### WORK TASK:
Would you repeat each line below exactly, without the pictures?

------ EXERCISE DATA ------

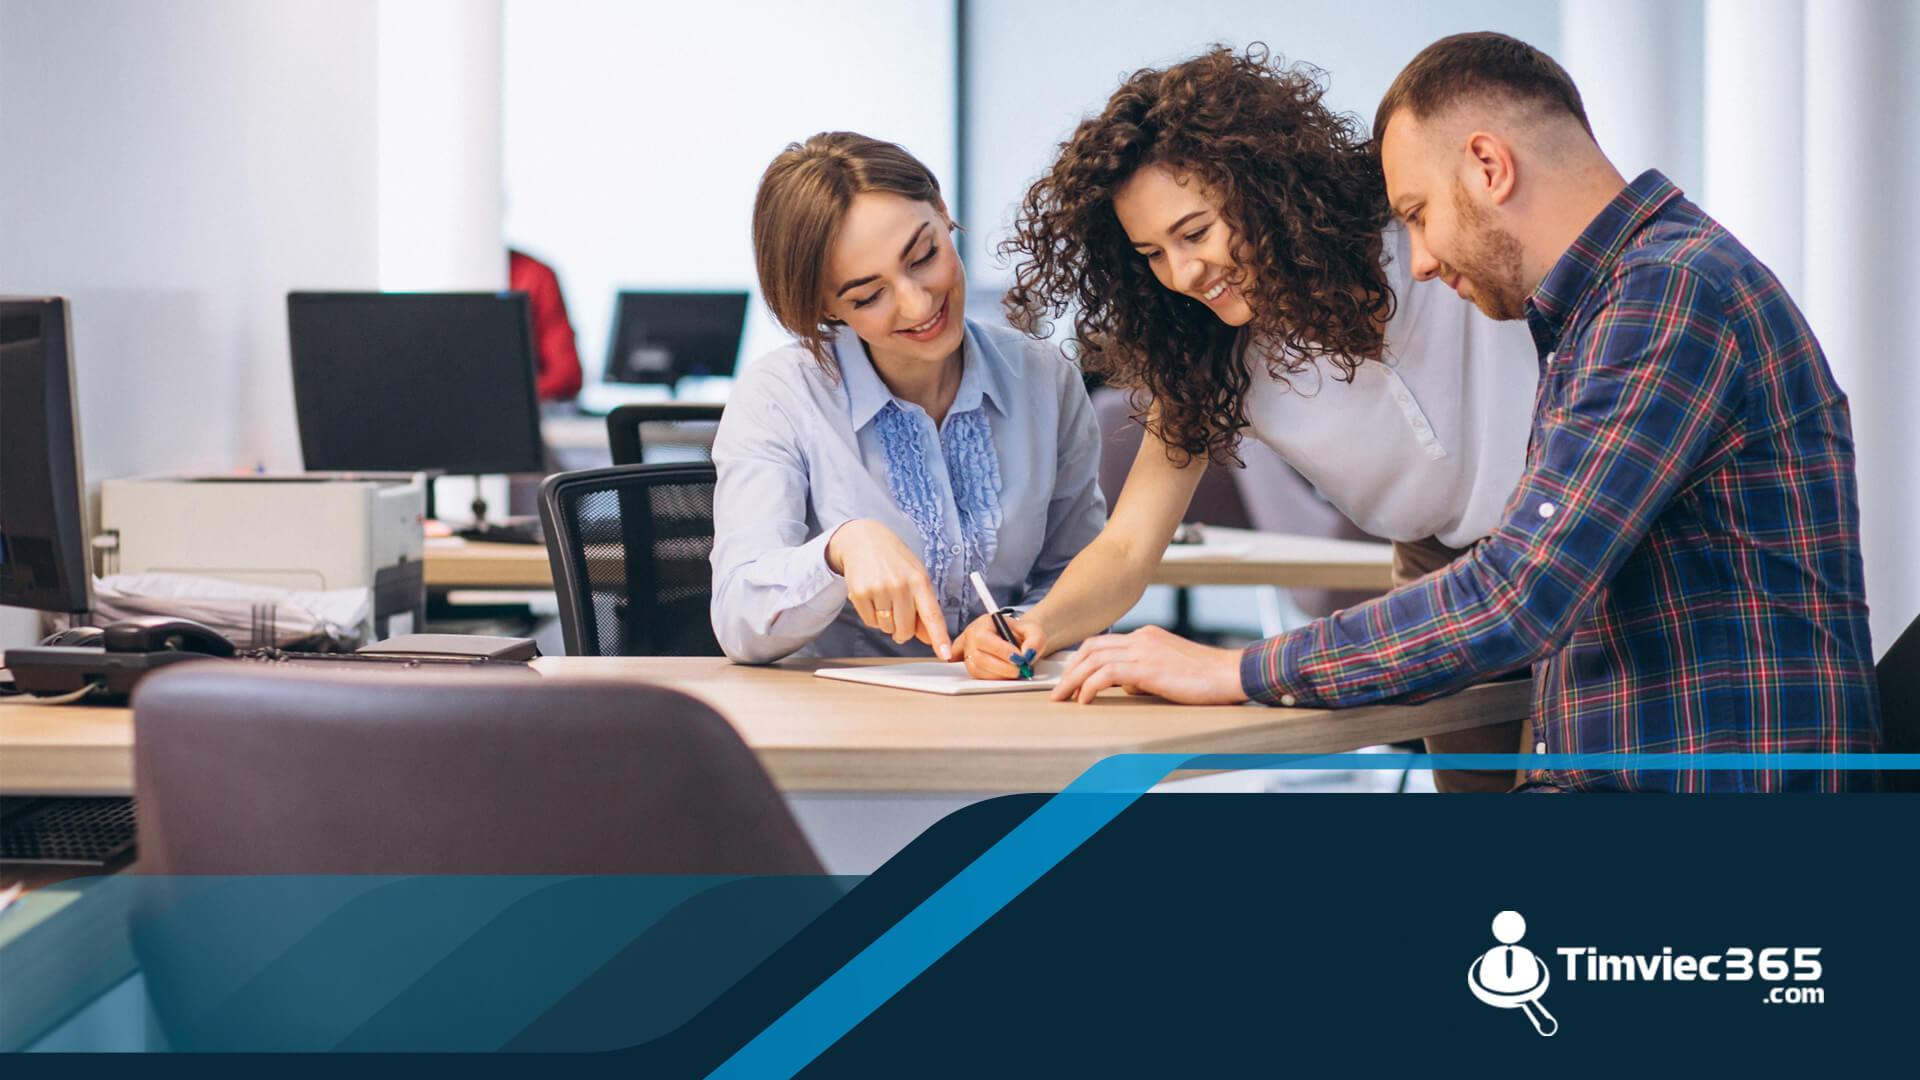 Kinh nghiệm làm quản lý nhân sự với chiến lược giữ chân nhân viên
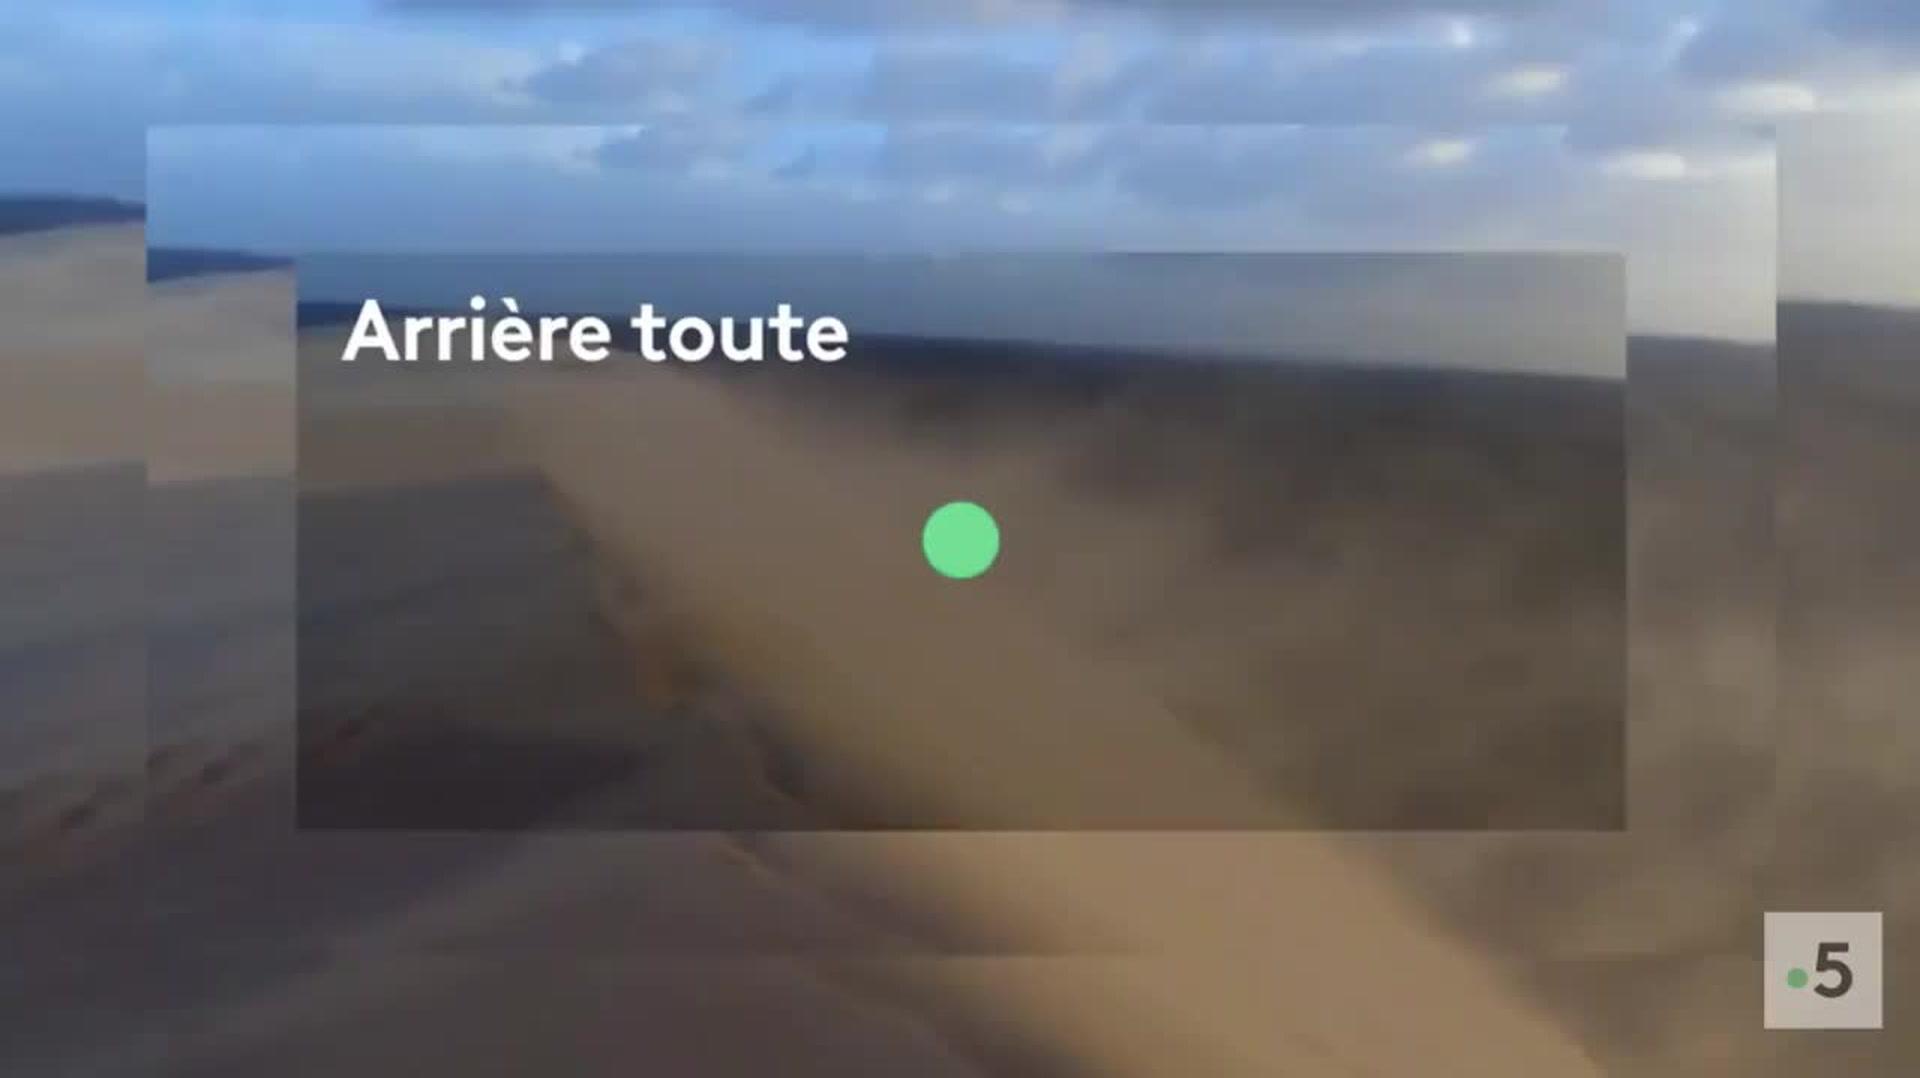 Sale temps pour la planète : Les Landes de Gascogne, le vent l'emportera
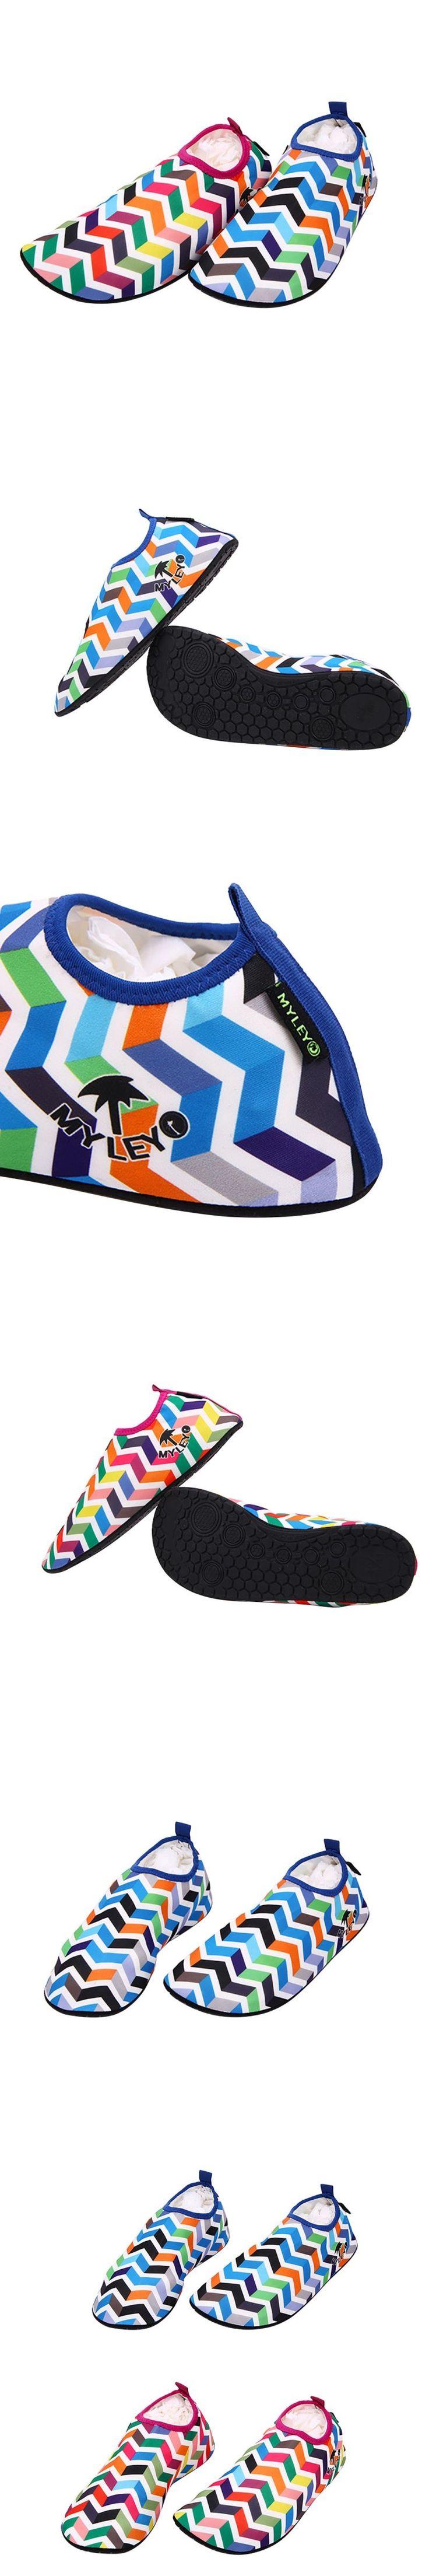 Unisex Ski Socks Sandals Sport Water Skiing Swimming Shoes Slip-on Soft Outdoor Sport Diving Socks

------

### SOLUTION FOR THIS EXERCISE:
 Kinh nghiệm làm quản lý nhân sự với chiến lược giữ chân nhân viên
 Sale temps pour la planète : Les Landes de Gascogne, le vent l'emportera
 Unisex Ski Socks Sandals Sport Water Skiing Swimming Shoes Slip-on Soft Outdoor Sport Diving Socks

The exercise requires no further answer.